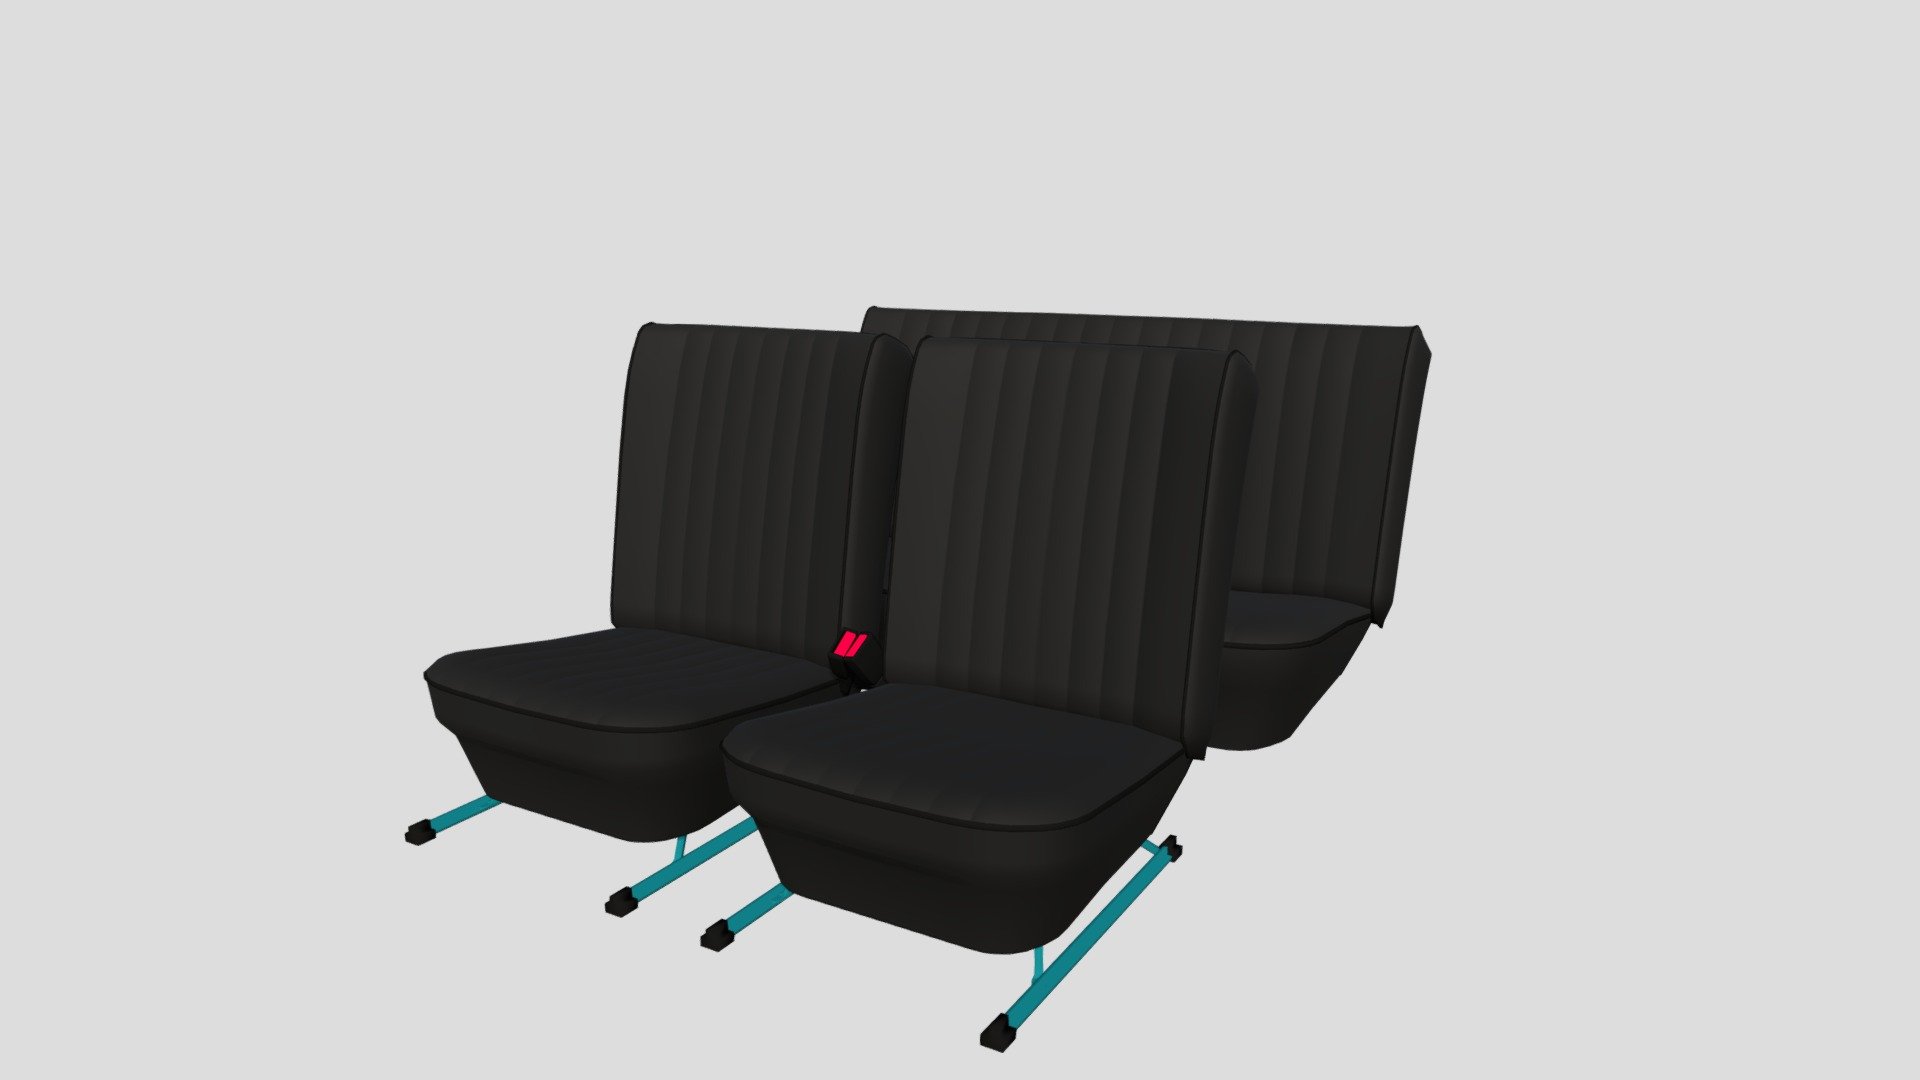 Generic Car Seats 3d model rendered with Cycles in Blender, as per seen on attached images.

File formats:
-.blend, rendered with cycles, as seen in the images;
-.obj, with materials applied;
-.dae, with materials applied;
-.fbx, with materials applied;
-.stl;

Files come named appropriately and split by file format.

3D Software:
The 3D model was originally created in Blender 2.8 and rendered with Cycles.

Materials and textures:
The models have materials applied in all formats, and are ready to import and render.

Preview scenes:
The preview images are rendered in Blender using its built-in render engine &lsquo;Cycles'.
Note that the blend files come directly with the rendering scene included and the render command will generate the exact result as seen in previews.
Scene elements are on a different layer from the actual model for easier manipulation of objects 3d model
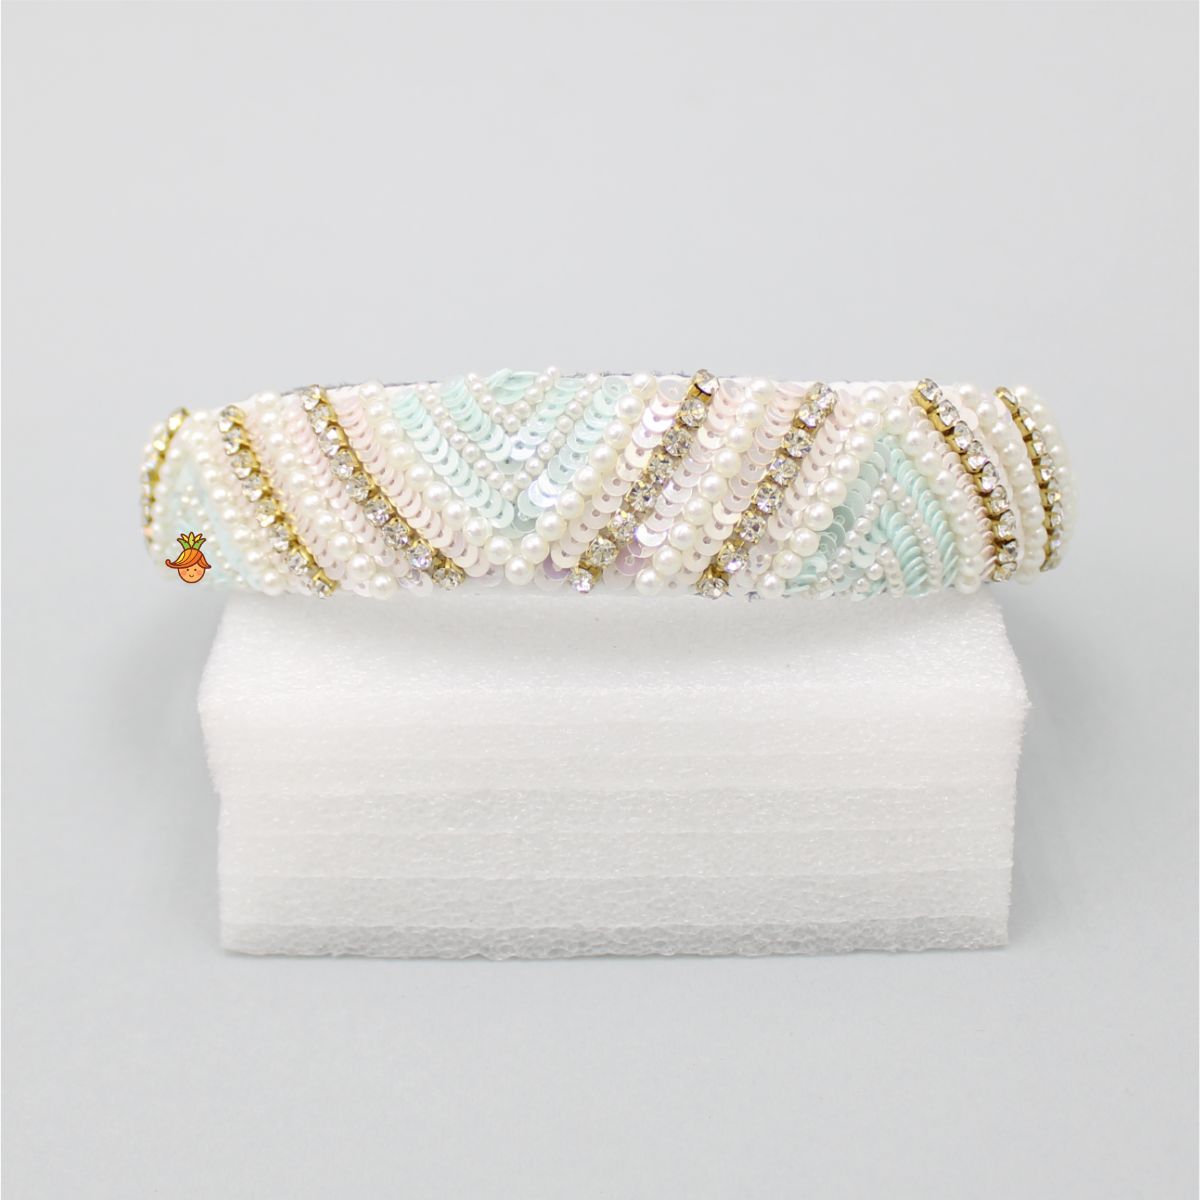 Delightful Pearly And Sequined White Hair Band

- - - - -

## What you will do
Please reproduce the listing exactly, leaving out any pictures.

## Solution
 Generic Car Seats 3d model rendered with Cycles in Blender, as per seen on attached images.

File formats:
-.blend, rendered with cycles, as seen in the images;
-.obj, with materials applied;
-.dae, with materials applied;
-.fbx, with materials applied;
-.stl;

Files come named appropriately and split by file format.

3D Software:
The 3D model was originally created in Blender 2.8 and rendered with Cycles.

Materials and textures:
The models have materials applied in all formats, and are ready to import and render.

Preview scenes:
The preview images are rendered in Blender using its built-in render engine &lsquo;Cycles'.
Note that the blend files come directly with the rendering scene included and the render command will generate the exact result as seen in previews.
Scene elements are on a different layer from the actual model for easier manipulation of objects 3d model
 Delightful Pearly And Sequined White Hair Band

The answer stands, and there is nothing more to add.